- [EXERCISE INSTRUCTIONS]: Print the records exactly as they are written.

- [DATA IN THIS EXERCISE]:

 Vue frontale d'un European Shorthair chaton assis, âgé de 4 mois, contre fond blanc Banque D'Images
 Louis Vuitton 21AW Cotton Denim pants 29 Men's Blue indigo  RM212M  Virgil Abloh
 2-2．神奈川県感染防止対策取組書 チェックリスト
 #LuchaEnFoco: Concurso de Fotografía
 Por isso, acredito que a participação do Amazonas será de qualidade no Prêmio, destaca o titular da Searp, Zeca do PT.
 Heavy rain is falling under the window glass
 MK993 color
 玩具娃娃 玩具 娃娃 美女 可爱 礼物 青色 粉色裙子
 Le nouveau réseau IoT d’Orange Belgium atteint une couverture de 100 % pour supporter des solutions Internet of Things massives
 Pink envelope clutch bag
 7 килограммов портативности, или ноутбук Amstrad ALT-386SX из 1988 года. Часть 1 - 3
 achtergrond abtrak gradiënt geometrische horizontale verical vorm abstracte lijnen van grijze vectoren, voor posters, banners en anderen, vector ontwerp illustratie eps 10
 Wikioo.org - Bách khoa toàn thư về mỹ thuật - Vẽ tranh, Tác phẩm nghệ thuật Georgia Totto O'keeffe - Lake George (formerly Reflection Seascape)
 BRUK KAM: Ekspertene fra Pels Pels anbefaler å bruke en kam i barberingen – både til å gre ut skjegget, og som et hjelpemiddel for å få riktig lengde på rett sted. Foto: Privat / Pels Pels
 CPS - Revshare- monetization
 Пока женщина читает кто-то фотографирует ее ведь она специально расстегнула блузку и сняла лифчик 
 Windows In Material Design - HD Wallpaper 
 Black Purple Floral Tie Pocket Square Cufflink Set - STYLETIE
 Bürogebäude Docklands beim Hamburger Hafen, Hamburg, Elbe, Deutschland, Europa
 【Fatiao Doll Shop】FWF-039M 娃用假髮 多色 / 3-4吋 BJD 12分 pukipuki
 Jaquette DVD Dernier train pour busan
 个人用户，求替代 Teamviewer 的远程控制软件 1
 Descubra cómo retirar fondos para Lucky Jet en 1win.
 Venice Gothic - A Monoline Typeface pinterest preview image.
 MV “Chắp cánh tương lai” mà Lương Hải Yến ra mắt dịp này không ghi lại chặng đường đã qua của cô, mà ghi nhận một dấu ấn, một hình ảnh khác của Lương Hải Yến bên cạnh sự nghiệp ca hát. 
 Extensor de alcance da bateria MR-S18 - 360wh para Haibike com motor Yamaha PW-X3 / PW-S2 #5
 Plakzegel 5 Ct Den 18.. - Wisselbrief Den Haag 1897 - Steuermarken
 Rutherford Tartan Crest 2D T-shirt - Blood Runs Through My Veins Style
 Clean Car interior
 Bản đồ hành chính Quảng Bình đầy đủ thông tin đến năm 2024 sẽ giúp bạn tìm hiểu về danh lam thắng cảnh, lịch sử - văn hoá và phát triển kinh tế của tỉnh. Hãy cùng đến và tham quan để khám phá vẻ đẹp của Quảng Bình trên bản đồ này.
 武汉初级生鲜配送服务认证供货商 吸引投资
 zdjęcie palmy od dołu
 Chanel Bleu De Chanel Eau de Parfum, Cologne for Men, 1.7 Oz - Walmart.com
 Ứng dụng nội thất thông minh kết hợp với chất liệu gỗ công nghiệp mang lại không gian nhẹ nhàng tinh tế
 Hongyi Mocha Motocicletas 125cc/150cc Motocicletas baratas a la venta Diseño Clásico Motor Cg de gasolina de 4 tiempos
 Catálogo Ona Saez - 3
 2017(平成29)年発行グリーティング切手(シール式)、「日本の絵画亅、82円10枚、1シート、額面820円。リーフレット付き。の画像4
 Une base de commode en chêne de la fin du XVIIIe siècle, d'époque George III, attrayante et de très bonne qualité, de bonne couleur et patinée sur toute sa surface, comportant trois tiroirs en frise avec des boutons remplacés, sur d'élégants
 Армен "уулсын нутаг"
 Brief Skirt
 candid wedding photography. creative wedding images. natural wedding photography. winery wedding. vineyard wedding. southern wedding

- [EXERCISE ANSWER]:
 Vue frontale d'un European Shorthair chaton assis, âgé de 4 mois, contre fond blanc Banque D'Images
 Louis Vuitton 21AW Cotton Denim pants 29 Men's Blue indigo  RM212M  Virgil Abloh
 2-2．神奈川県感染防止対策取組書 チェックリスト
 #LuchaEnFoco: Concurso de Fotografía
 Por isso, acredito que a participação do Amazonas será de qualidade no Prêmio, destaca o titular da Searp, Zeca do PT.
 Heavy rain is falling under the window glass
 MK993 color
 玩具娃娃 玩具 娃娃 美女 可爱 礼物 青色 粉色裙子
 Le nouveau réseau IoT d’Orange Belgium atteint une couverture de 100 % pour supporter des solutions Internet of Things massives
 Pink envelope clutch bag
 7 килограммов портативности, или ноутбук Amstrad ALT-386SX из 1988 года. Часть 1 - 3
 achtergrond abtrak gradiënt geometrische horizontale verical vorm abstracte lijnen van grijze vectoren, voor posters, banners en anderen, vector ontwerp illustratie eps 10
 Wikioo.org - Bách khoa toàn thư về mỹ thuật - Vẽ tranh, Tác phẩm nghệ thuật Georgia Totto O'keeffe - Lake George (formerly Reflection Seascape)
 BRUK KAM: Ekspertene fra Pels Pels anbefaler å bruke en kam i barberingen – både til å gre ut skjegget, og som et hjelpemiddel for å få riktig lengde på rett sted. Foto: Privat / Pels Pels
 CPS - Revshare- monetization
 Пока женщина читает кто-то фотографирует ее ведь она специально расстегнула блузку и сняла лифчик 
 Windows In Material Design - HD Wallpaper 
 Black Purple Floral Tie Pocket Square Cufflink Set - STYLETIE
 Bürogebäude Docklands beim Hamburger Hafen, Hamburg, Elbe, Deutschland, Europa
 【Fatiao Doll Shop】FWF-039M 娃用假髮 多色 / 3-4吋 BJD 12分 pukipuki
 Jaquette DVD Dernier train pour busan
 个人用户，求替代 Teamviewer 的远程控制软件 1
 Descubra cómo retirar fondos para Lucky Jet en 1win.
 Venice Gothic - A Monoline Typeface pinterest preview image.
 MV “Chắp cánh tương lai” mà Lương Hải Yến ra mắt dịp này không ghi lại chặng đường đã qua của cô, mà ghi nhận một dấu ấn, một hình ảnh khác của Lương Hải Yến bên cạnh sự nghiệp ca hát. 
 Extensor de alcance da bateria MR-S18 - 360wh para Haibike com motor Yamaha PW-X3 / PW-S2 #5
 Plakzegel 5 Ct Den 18.. - Wisselbrief Den Haag 1897 - Steuermarken
 Rutherford Tartan Crest 2D T-shirt - Blood Runs Through My Veins Style
 Clean Car interior
 Bản đồ hành chính Quảng Bình đầy đủ thông tin đến năm 2024 sẽ giúp bạn tìm hiểu về danh lam thắng cảnh, lịch sử - văn hoá và phát triển kinh tế của tỉnh. Hãy cùng đến và tham quan để khám phá vẻ đẹp của Quảng Bình trên bản đồ này.
 武汉初级生鲜配送服务认证供货商 吸引投资
 zdjęcie palmy od dołu
 Chanel Bleu De Chanel Eau de Parfum, Cologne for Men, 1.7 Oz - Walmart.com
 Ứng dụng nội thất thông minh kết hợp với chất liệu gỗ công nghiệp mang lại không gian nhẹ nhàng tinh tế
 Hongyi Mocha Motocicletas 125cc/150cc Motocicletas baratas a la venta Diseño Clásico Motor Cg de gasolina de 4 tiempos
 Catálogo Ona Saez - 3
 2017(平成29)年発行グリーティング切手(シール式)、「日本の絵画亅、82円10枚、1シート、額面820円。リーフレット付き。の画像4
 Une base de commode en chêne de la fin du XVIIIe siècle, d'époque George III, attrayante et de très bonne qualité, de bonne couleur et patinée sur toute sa surface, comportant trois tiroirs en frise avec des boutons remplacés, sur d'élégants
 Армен "уулсын нутаг"
 Brief Skirt
 candid wedding photography. creative wedding images. natural wedding photography. winery wedding. vineyard wedding. southern wedding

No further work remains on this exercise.